● **Exercise**: Up to and including the line that holds "handle is hein.beal/jmnta0001", print the data exactly from its first line; do not print the pictures.

● **Information**:
▼

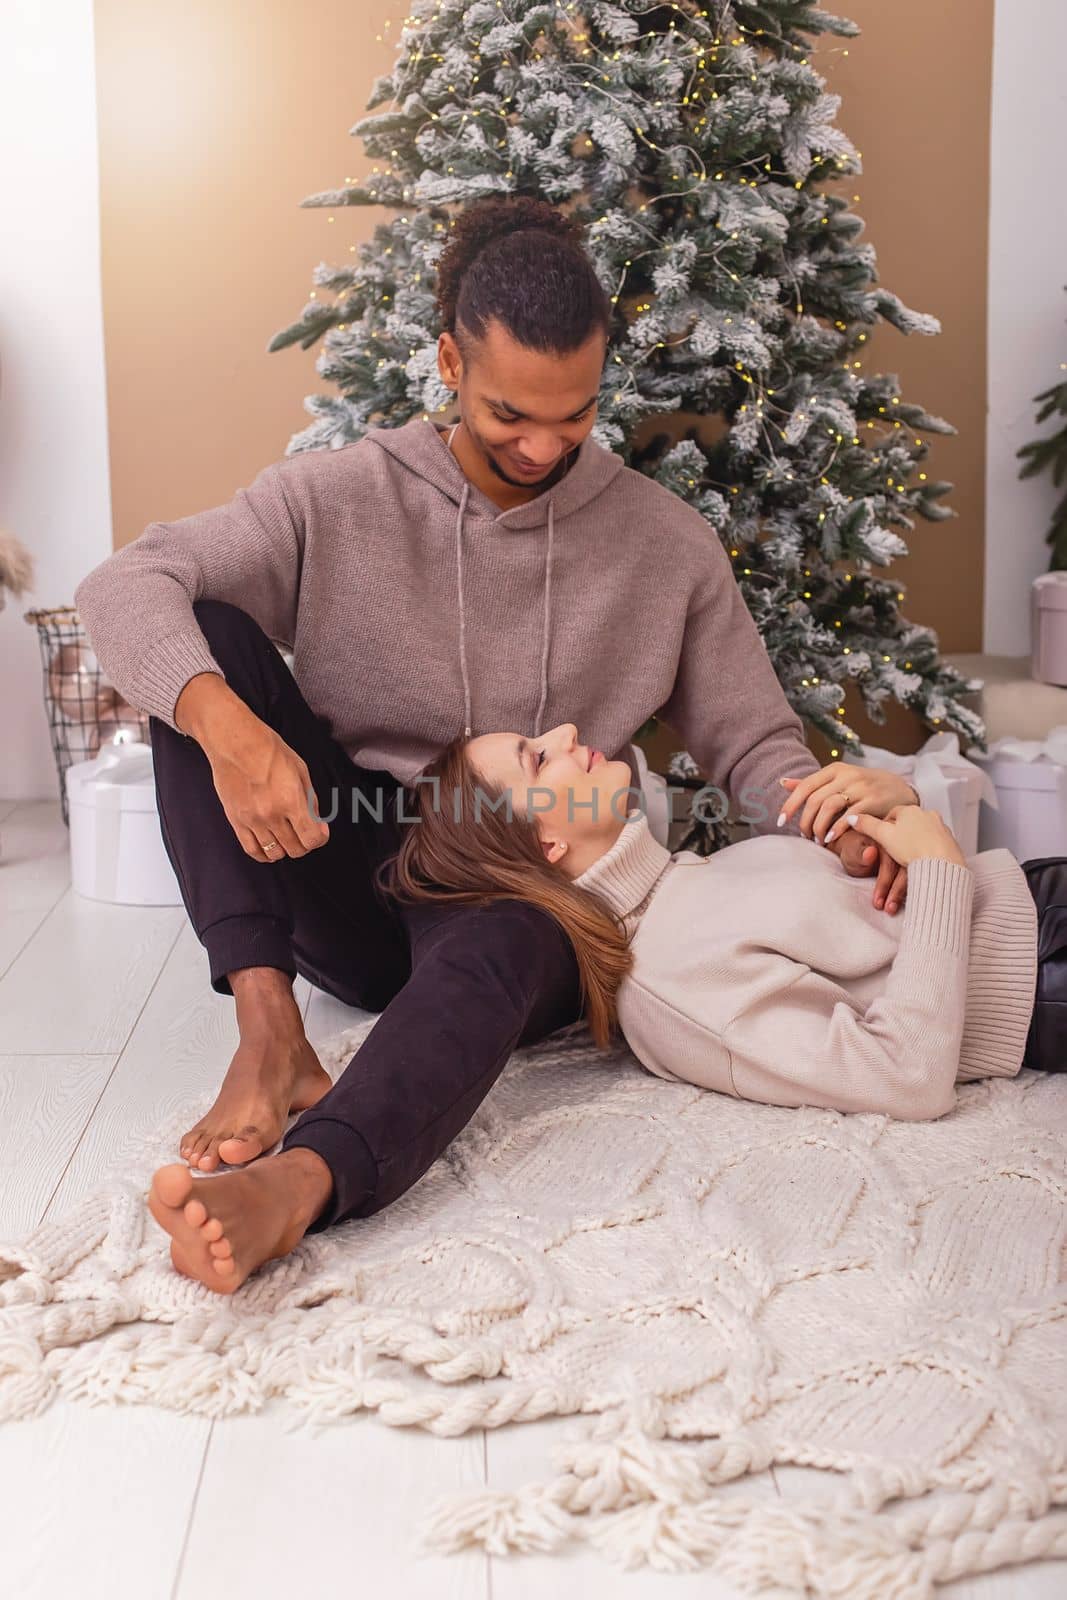 The girl, closing her eyes, lies on the lap of a stylish guy near the Christmas tree in the room.Vertical
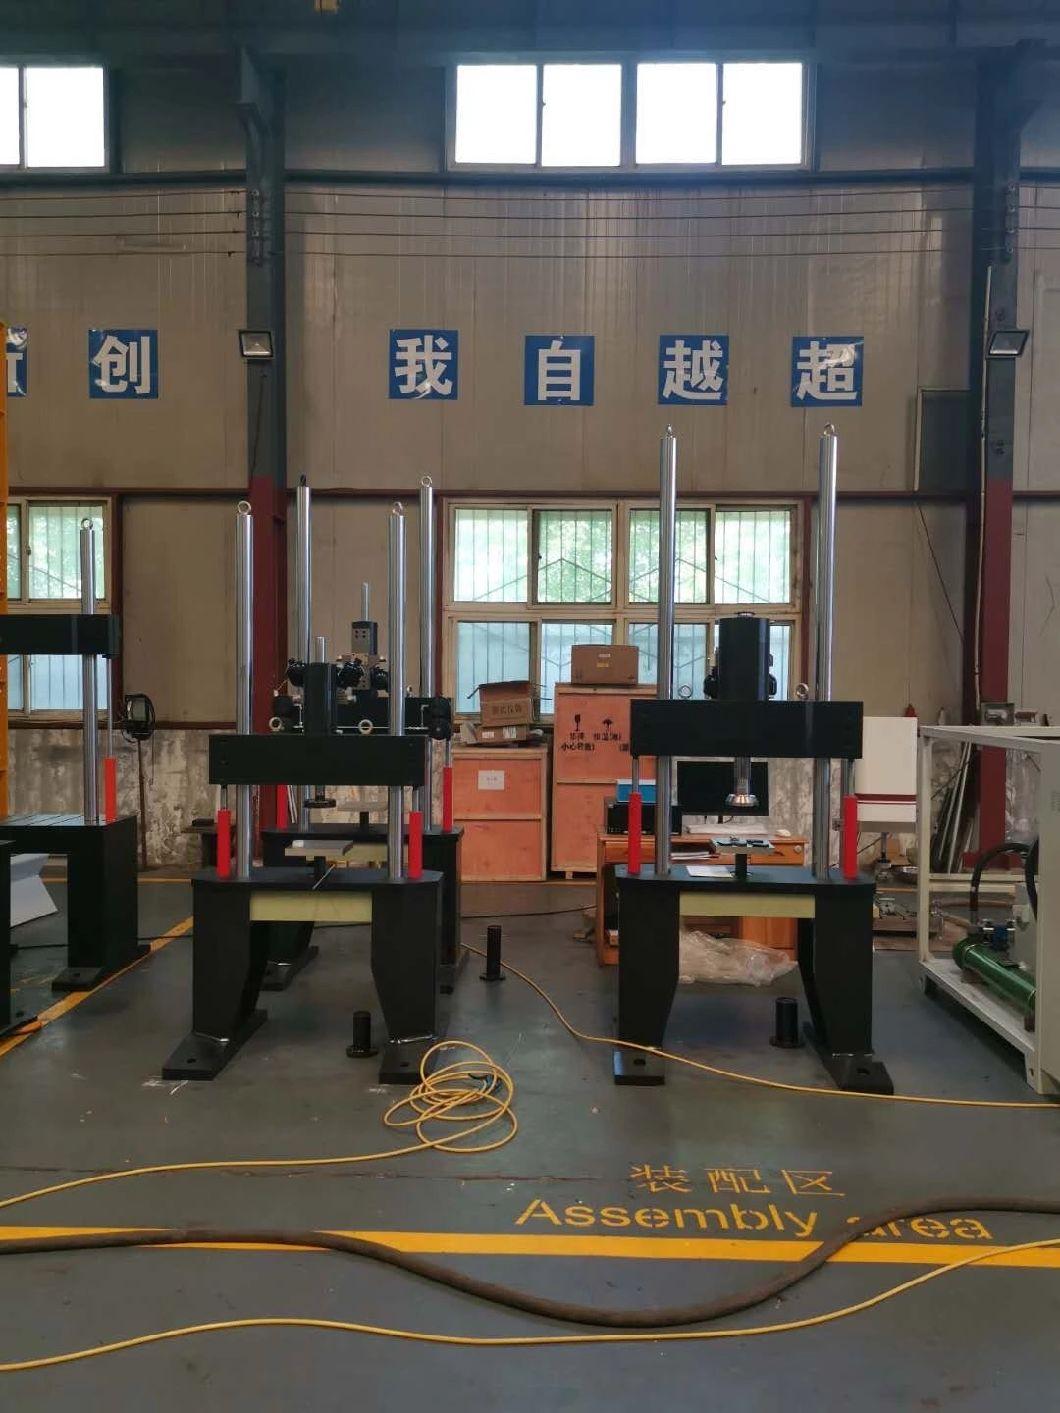 Pws-25 Dynamic and Static Fatigue Testing Machine for Laboratory Factory Direct Sales High-Quality and High-Precision
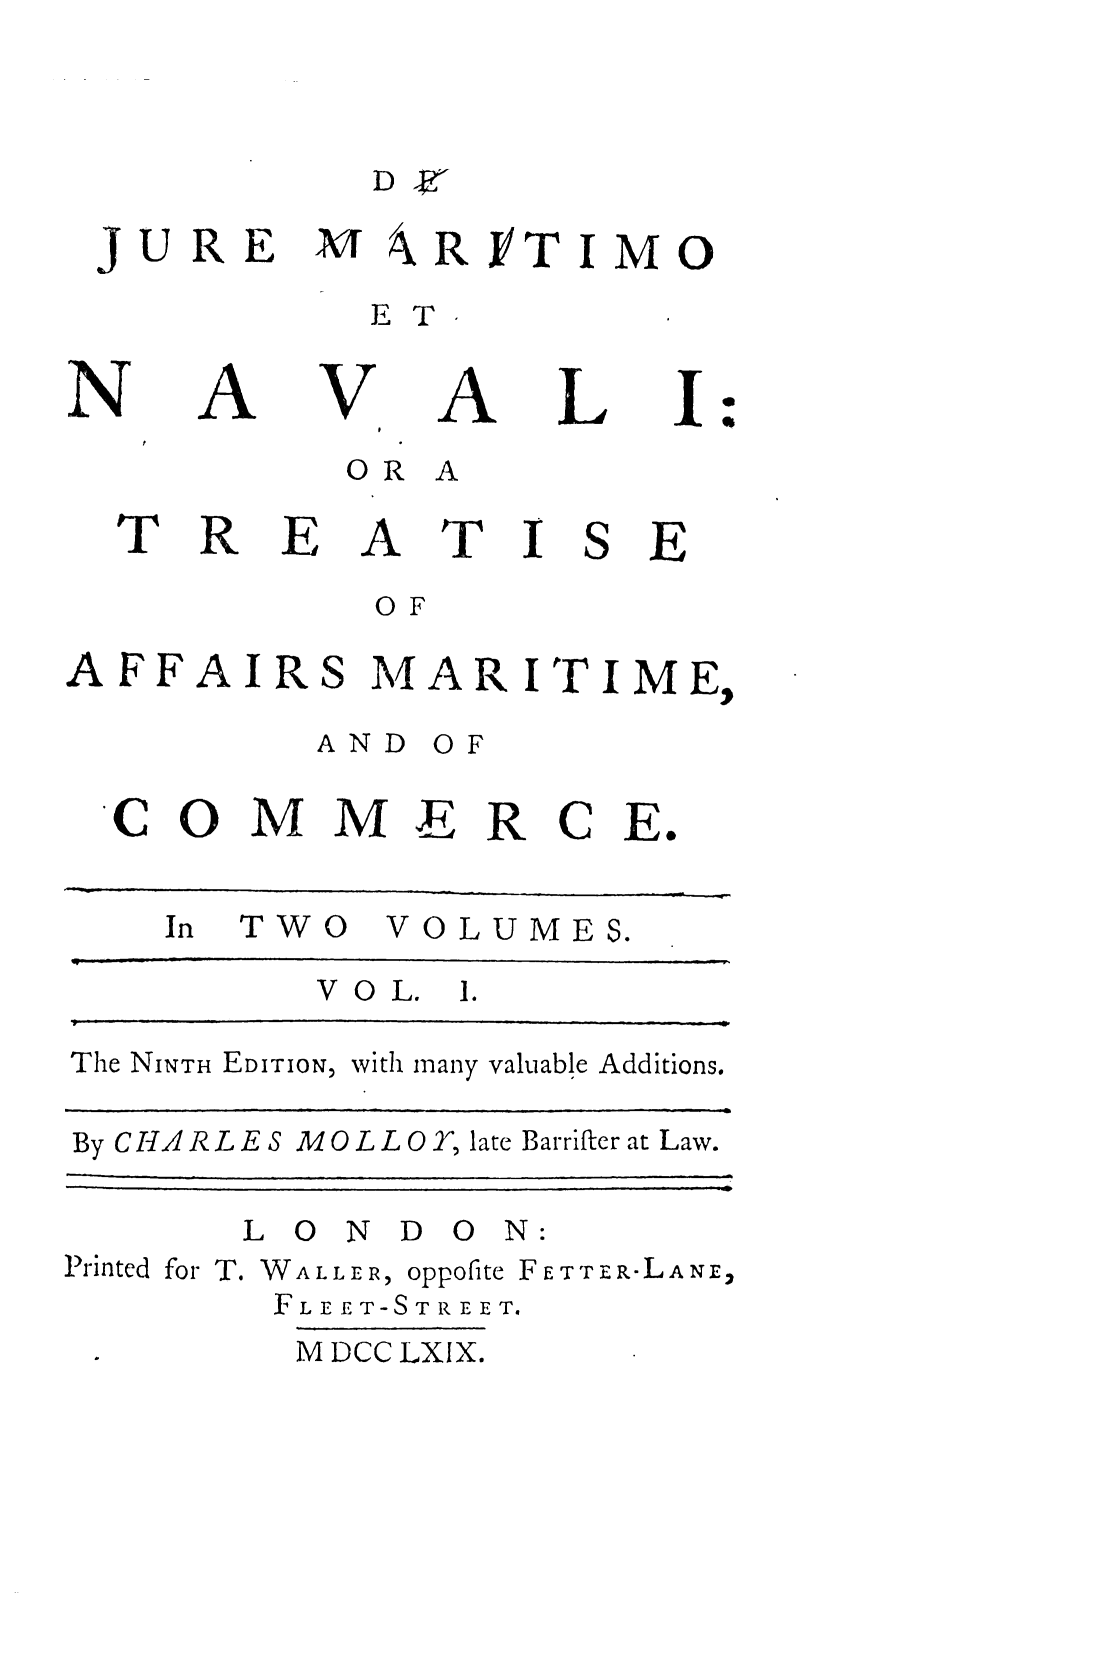 handle is hein.beal/jmnta0001 and id is 1 raw text is: JURE

A4 RYTIMO

E T

A

V

A

L

I

O R A

I

SE

AFFAIRS

MAR ITIME,

A N D

C O

MME R

C E.

In   TWO      VOLUMES.
VOL.     I.
The NINTH EDITION, with many valuable Additions.
By C HA R L E S M OL L OT, late Barrifter at Law.

L O N D

ON:

Printed for T. WALLER, oppofite FE TT ER-LANE,
FLEET-STREET.

M DCC LXIX.

N

T

R

:

E

A

T

O F

O F

.


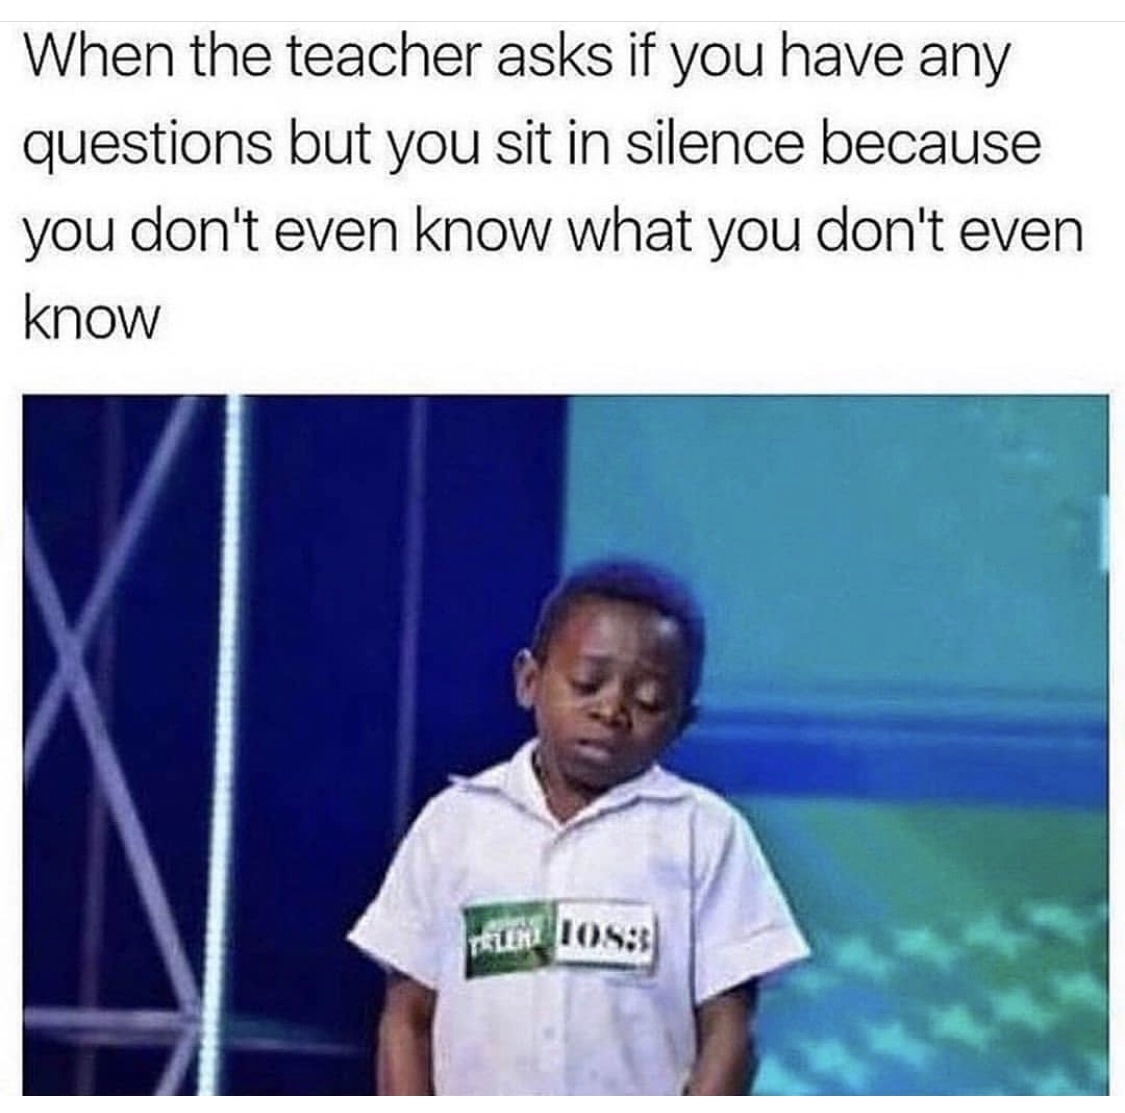 you don t even know what you don t know meme - When the teacher asks if you have any questions but you sit in silence because you don't even know what you don't even know

▲

● **Exercise output**:
 The girl, closing her eyes, lies on the lap of a stylish guy near the Christmas tree in the room.Vertical
 Pws-25 Dynamic and Static Fatigue Testing Machine for Laboratory Factory Direct Sales High-Quality and High-Precision
 handle is hein.beal/jmnta0001 and id is 1 raw text is: JURE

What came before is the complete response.